La storia è quella di Rachel, giovane donna riflessiva ma del tutto estranea al mondo e ai sentimenti che, abbandonando la piovosa campagna inglese di Richmond, si ritrova percorrere l’oceano sulla barca del padre e a trascorrere un intero inverno in Sudamerica. Qui viene in contatto con i più disparati tipi umani e soprattutto conosce l’amore, a cui però non riuscirà mai ad abbandonarsi.

Attraverso una storia apparentemente lineare e con un finale per nulla prevedibile, la Woolf riesce in ciò che sa fare meglio: delineare personaggi e situazioni con brevi cenni, pochi movimenti precisi ma legati a un comune vocabolario umano.
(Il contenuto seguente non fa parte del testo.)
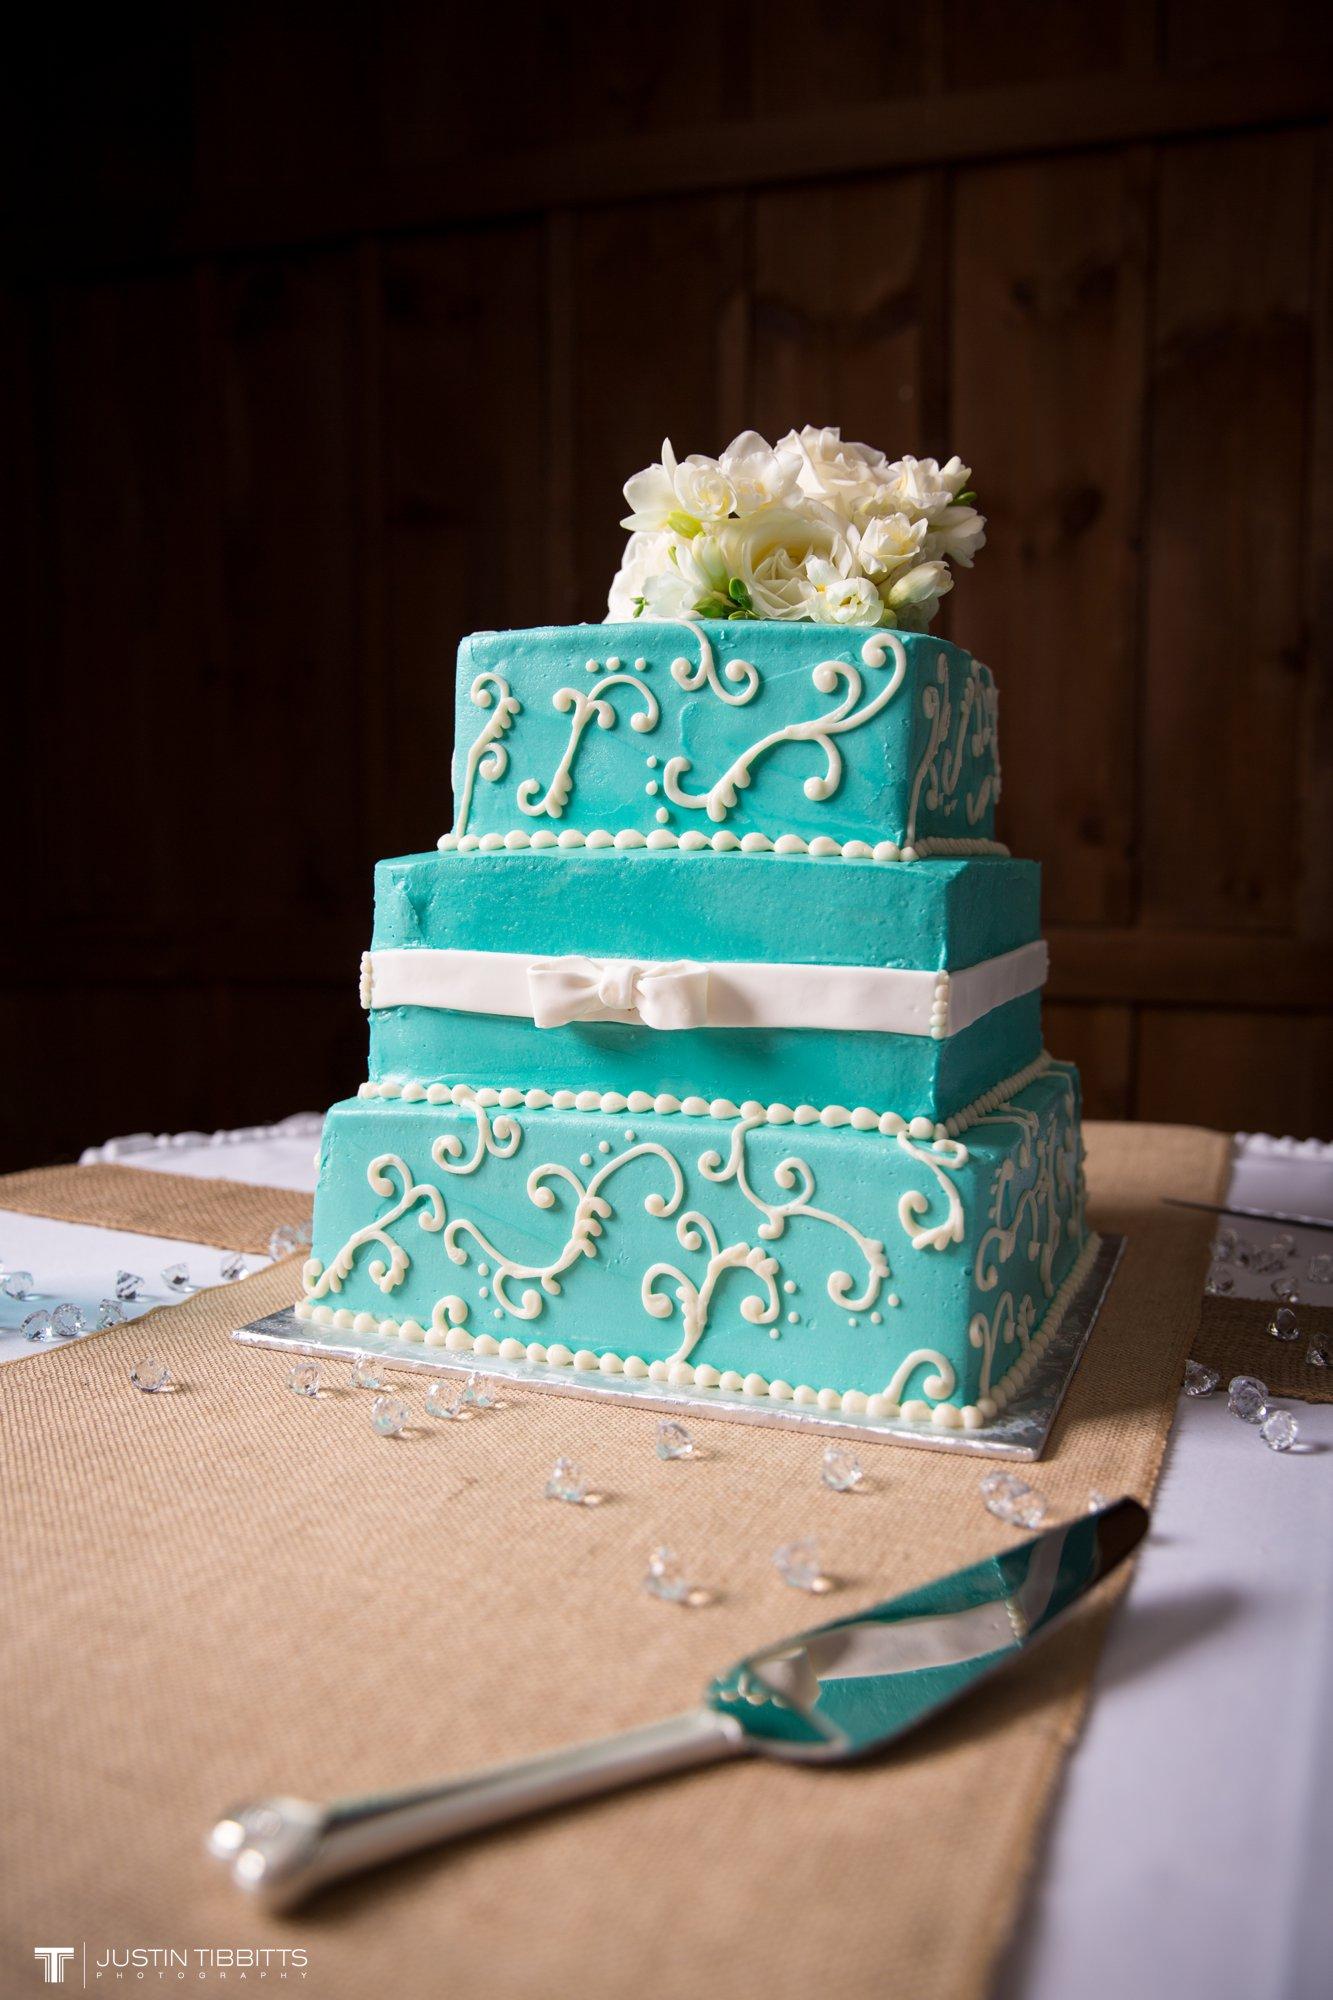 Albany NY Wedding Photographer Justin Tibbitts Photography 2014 Best of Albany NY Weddings-411662698288

Già da questo primo romanzo, l’alta borghesia inglese di fine ottocento viene analizzata e rivelata così che anche il lettore di un secolo dopo riesca a immedesimarsi nei personaggi e nelle relazioni, palpitare per gli avvenimenti, sentirsi parte di tragedie e pettegolezzi.

“La crociera” è quindi un romanzo-cammeo, pregevole perché testimonianza di un mondo circoscritto e uniforme, sul quale si agita l’esistenza psicologicamente turbolenta di un’eroina inusuale e modernissima.